Monday, July 23, 2012

High Graduation Rates Manipulated with "Credit Recovery!" Reinventing Education with so many Bad Ideas.

When you hear someone claim, “Parents know better” when it comes to their kid’s education, they’re lying. There’s so much we don’t know (I’m a parent).

Like when we save money on K-12 schools by gaming a students education. In the end, taxpayers will end up forking over just as much money for remedial classes when those same students go to college.

It’s called “credit recovery.” It’s actually a good idea, but poorly executed to make the schools look good. Look at this example from the state of NY.
Edweek: "Credit recovery" education programs, are increasingly used at high schools across New York as a way for struggling students to complete coursework online. School employees who administer credit recovery programs and some graduates say many students simply Google the answers and fill in the blanks, because there is little adult supervision.  Students can open up a separate Internet browser on screen and look up answers to test questions … many are able to log on to the programs right at home.

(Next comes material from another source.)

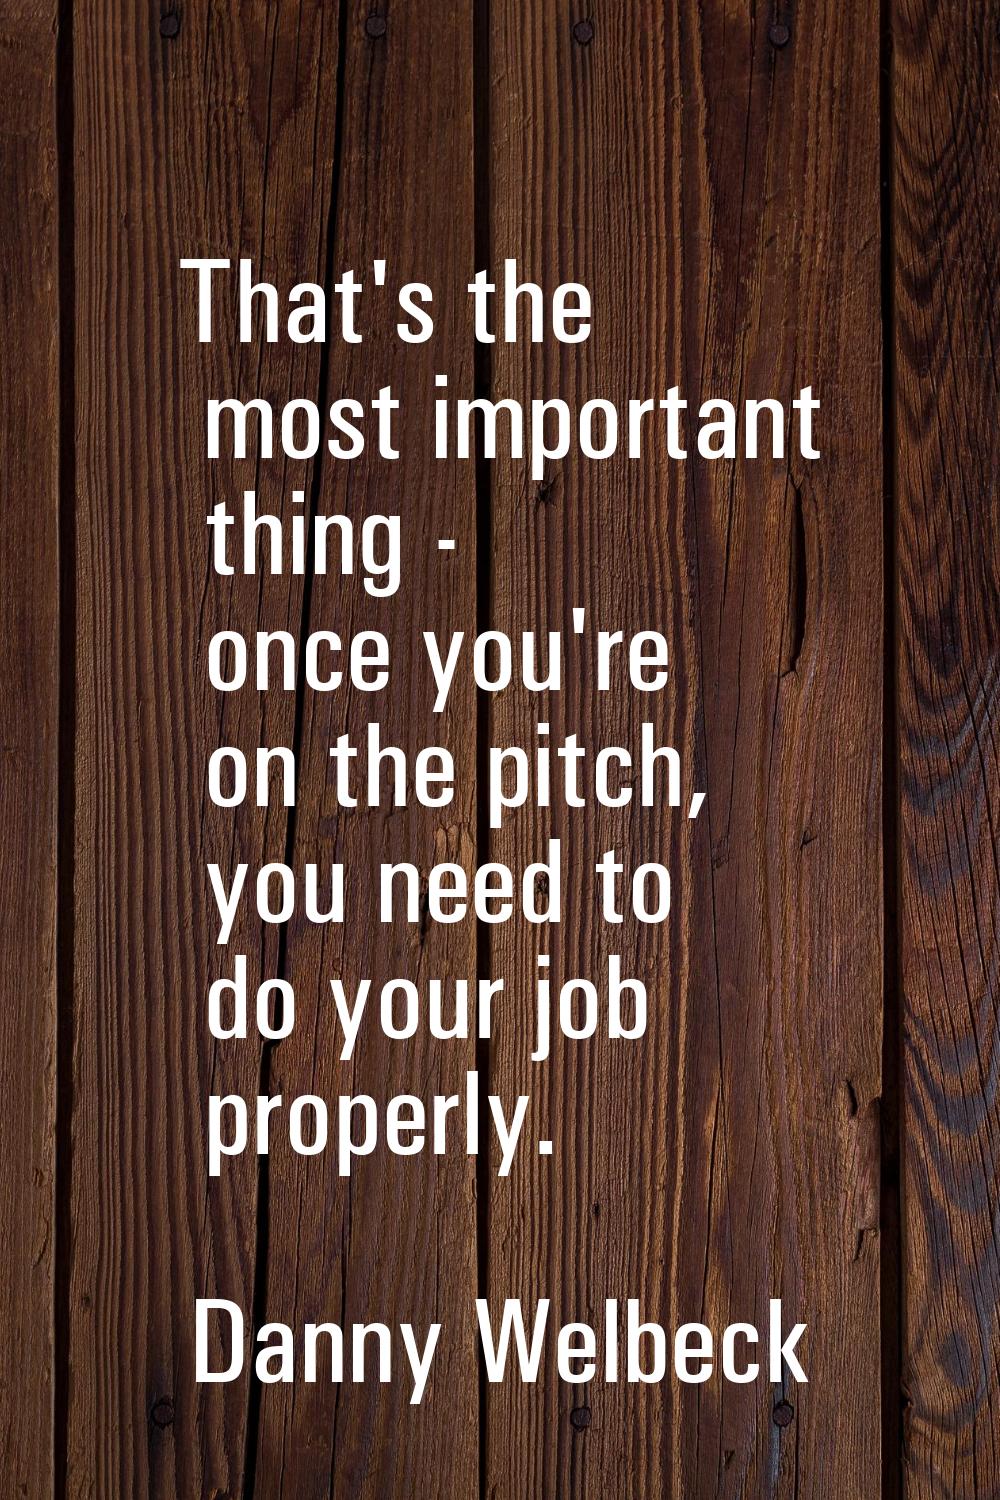 That's the most important thing - once you're on the pitch, you need to do your job properly.
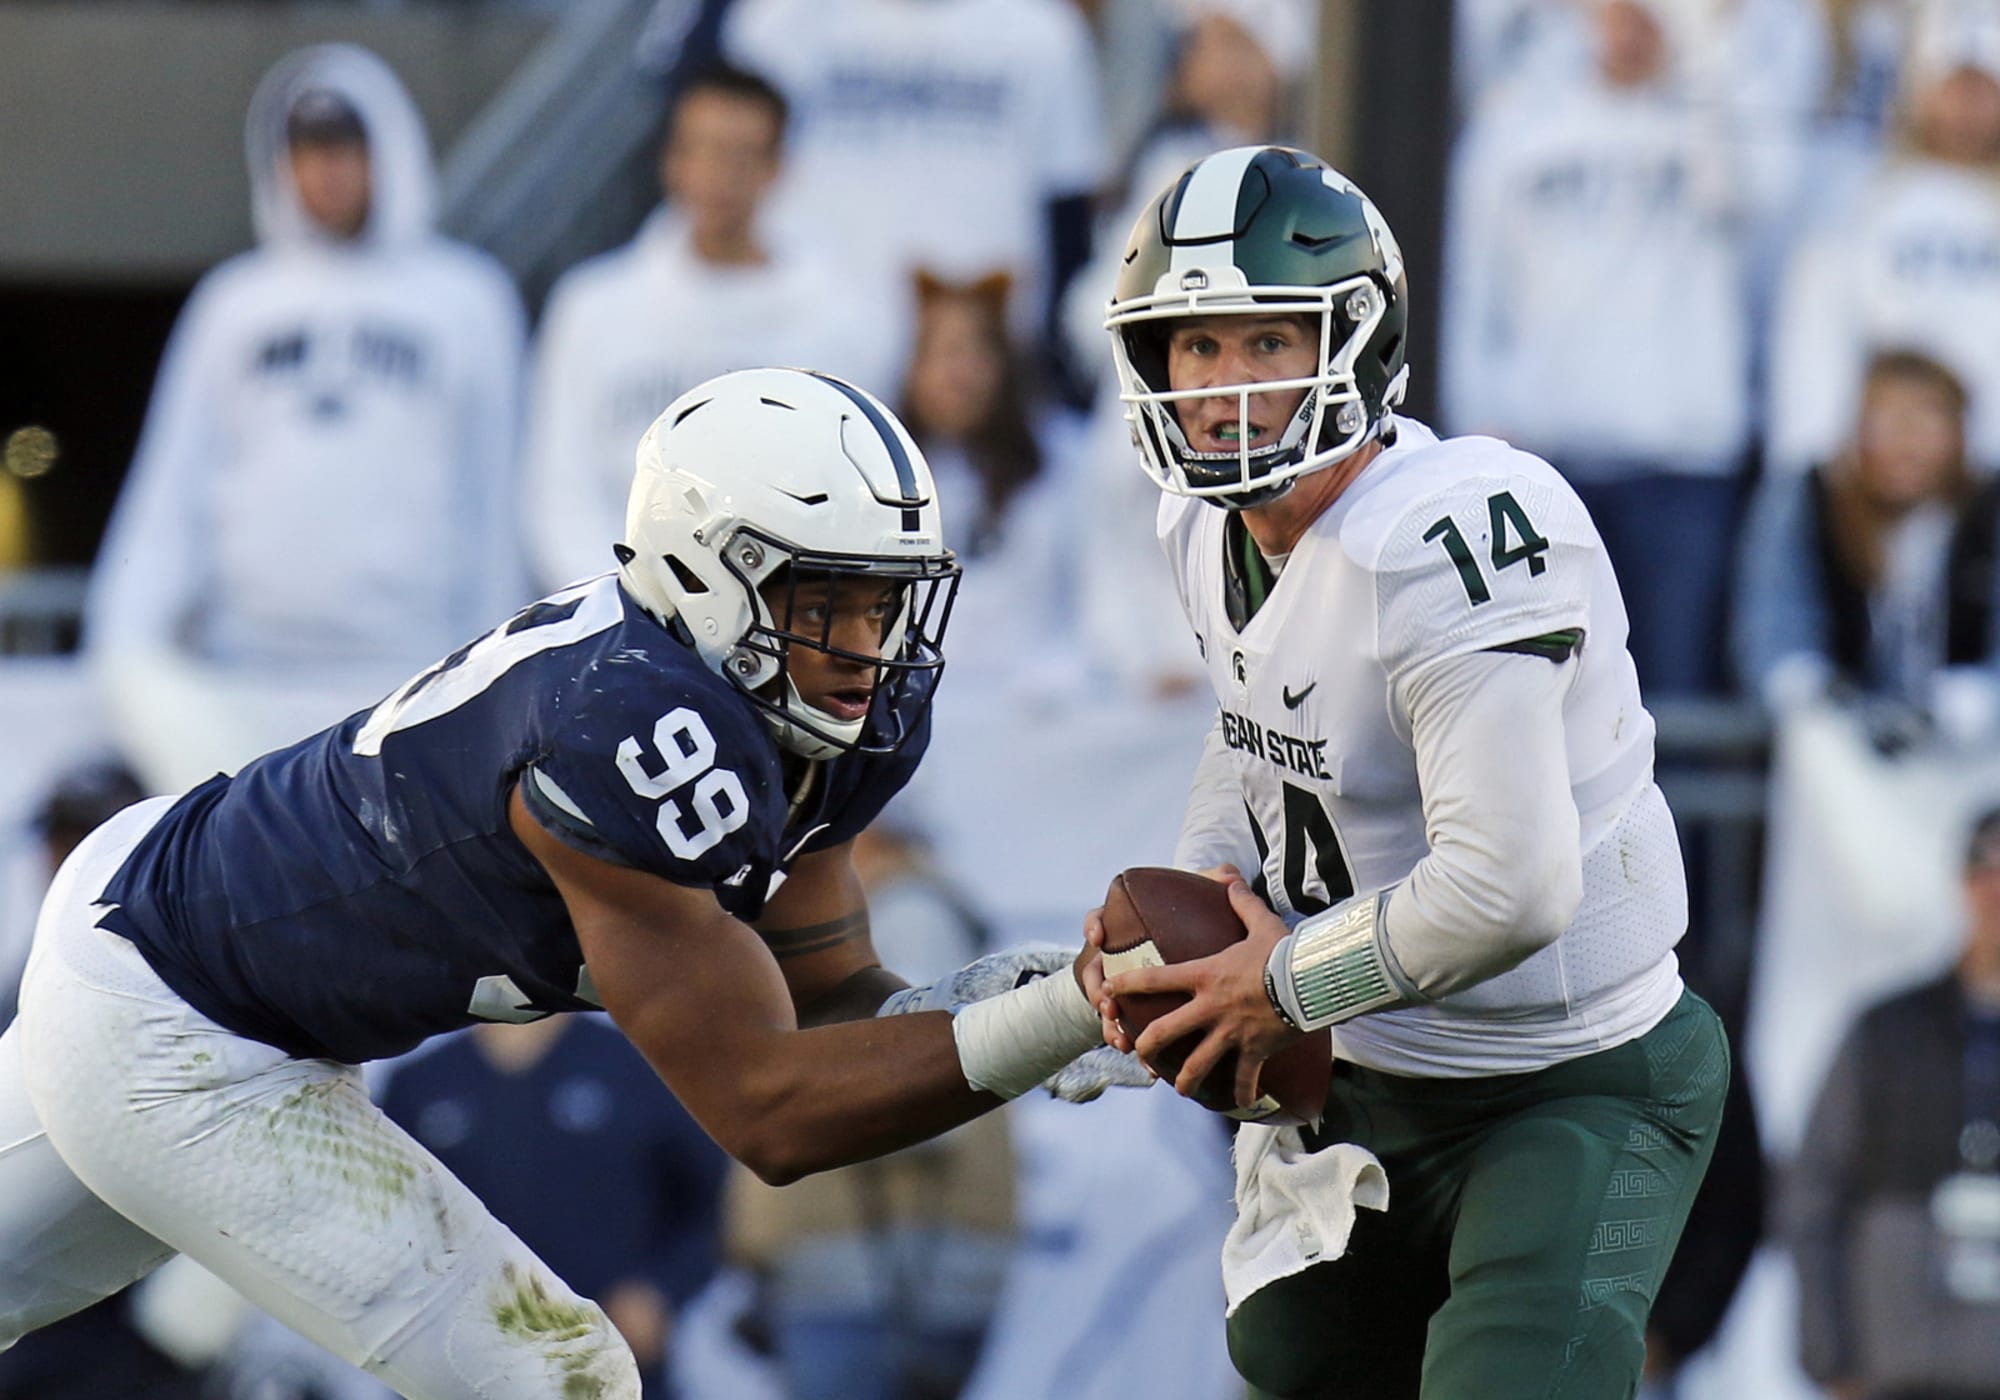 Penn State vs. Michigan State Start Time, Live Stream, TV Info and More

And while it's an open secret in many districts, critics say credit recovery allows young people to cheat themselves out of an education while boosting a school district's graduation rate. Schools can also cut personnel costs because fewer teachers are needed when student learning is shifted online.

True costs are pushed to the future, when students arrive at public community colleges and can't do the work. About half of all students who enter the state's community college system need remedial and developmental education, which costs taxpayers some $70 million annually, according to the State University of New York.
Your jaw will drop at the justification given below:
The "Operation Graduation" program at Columbia High School has been lauded … Before, 44 students failed to graduate. After, that dropped to just 12. In their own news release (they had this quote by) one former student: "It was a shocker to learn what I could get done in a day." At Columbia, The district uses a credit recovery program called NovaNet and students talk openly about "novanetting" a class they're failing.
Instead of looking at the other great educating systems around the world, the U.S. for some reason has decided to reinvent the wheel so to speak, with broken programs and privatization. I’m mystified.